----- Given data -----
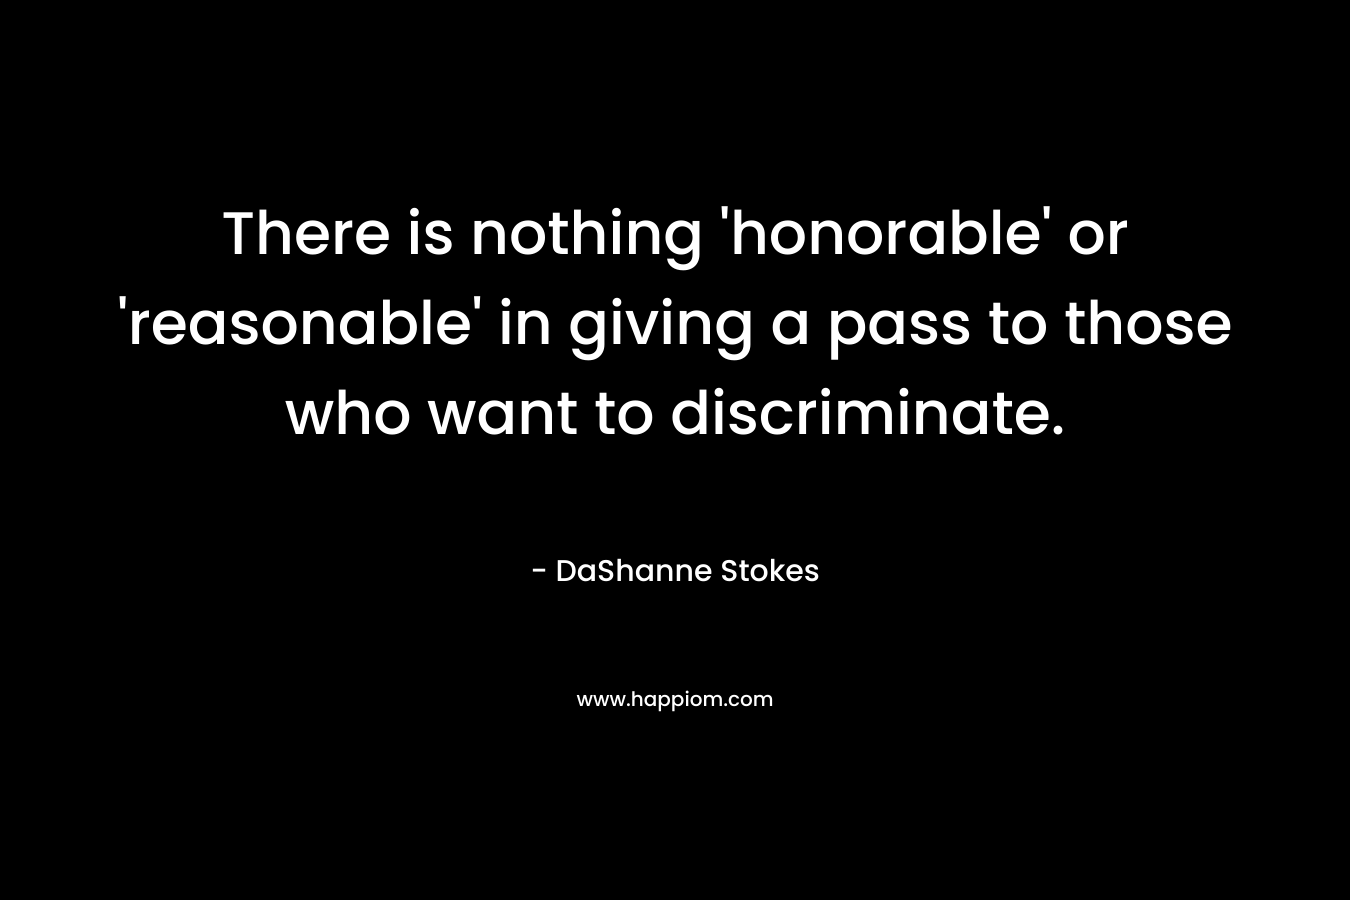 There is nothing 'honorable' or 'reasonable' in giving a pass to those who want to discriminate.
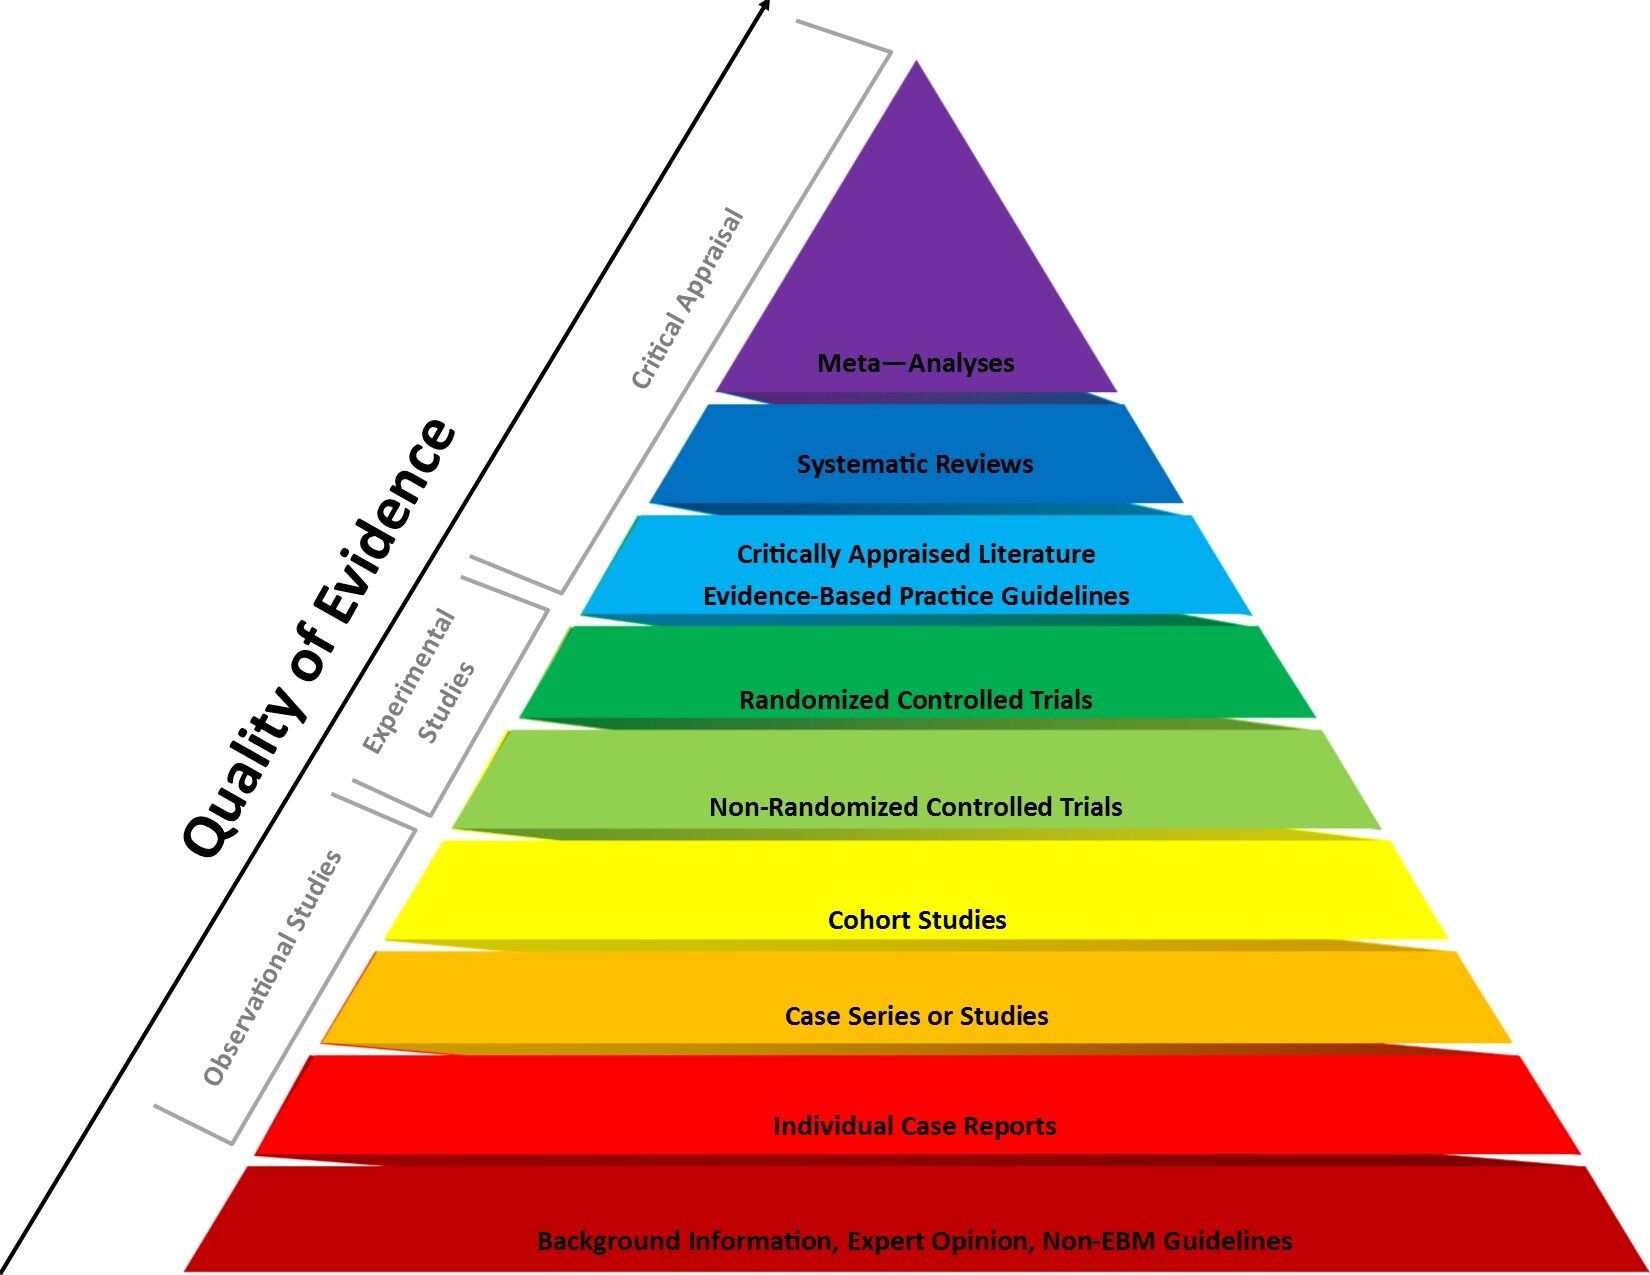 traditional research literature hierarchy
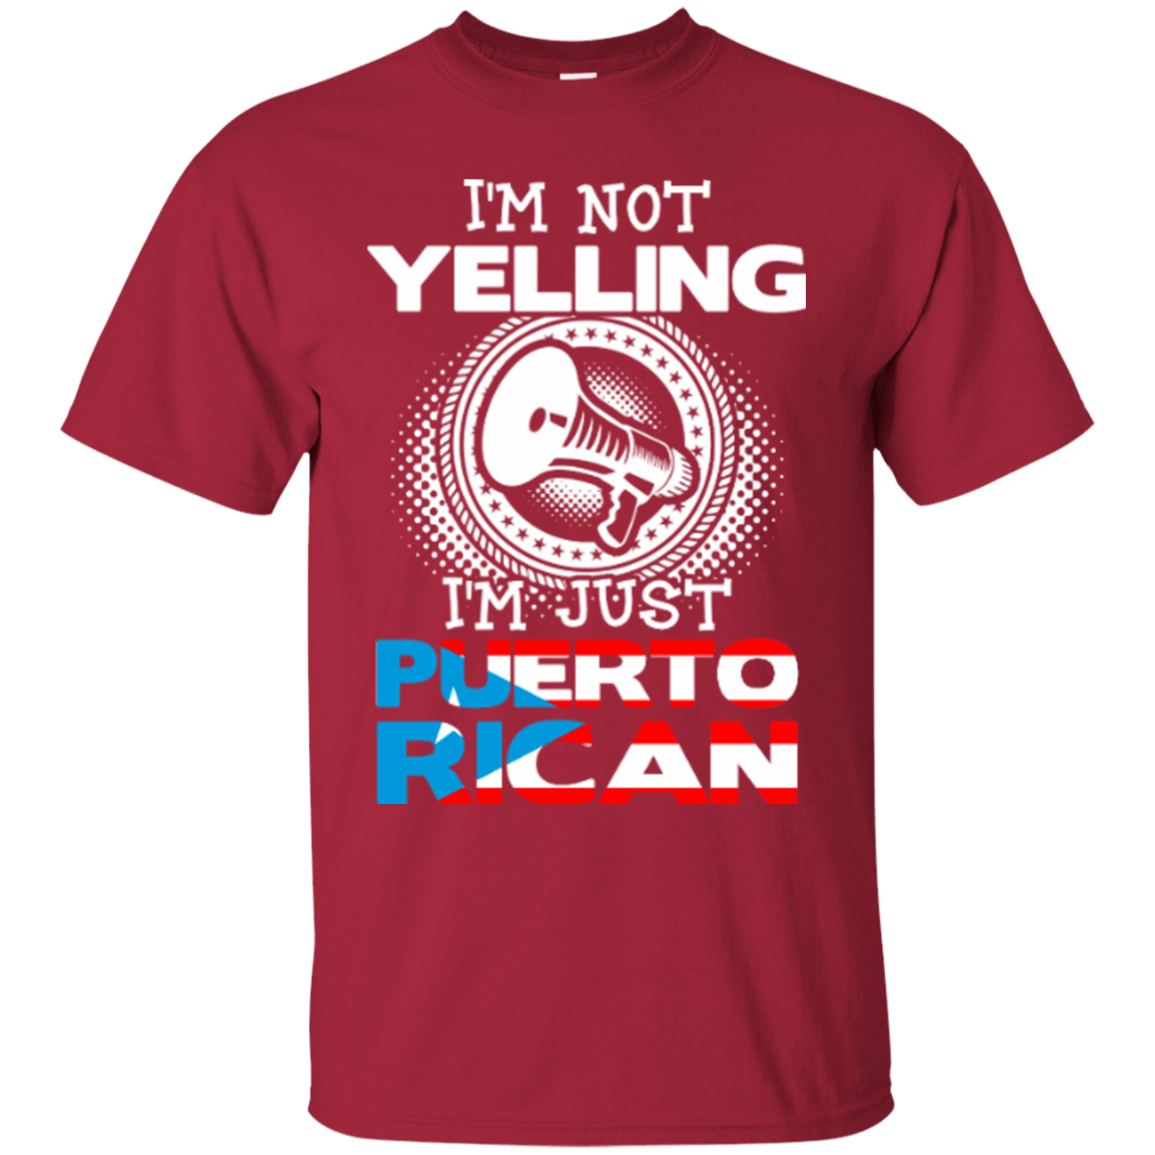 Youth Tee - Not Yelling, Just Puerto Rican - Youth Tee
-----
Task prompt: Repeat the data verbatim, excluding all pictures.

Reply to the task:
 There is nothing 'honorable' or 'reasonable' in giving a pass to those who want to discriminate.
 traditional research literature hierarchy
 Youth Tee - Not Yelling, Just Puerto Rican - Youth Tee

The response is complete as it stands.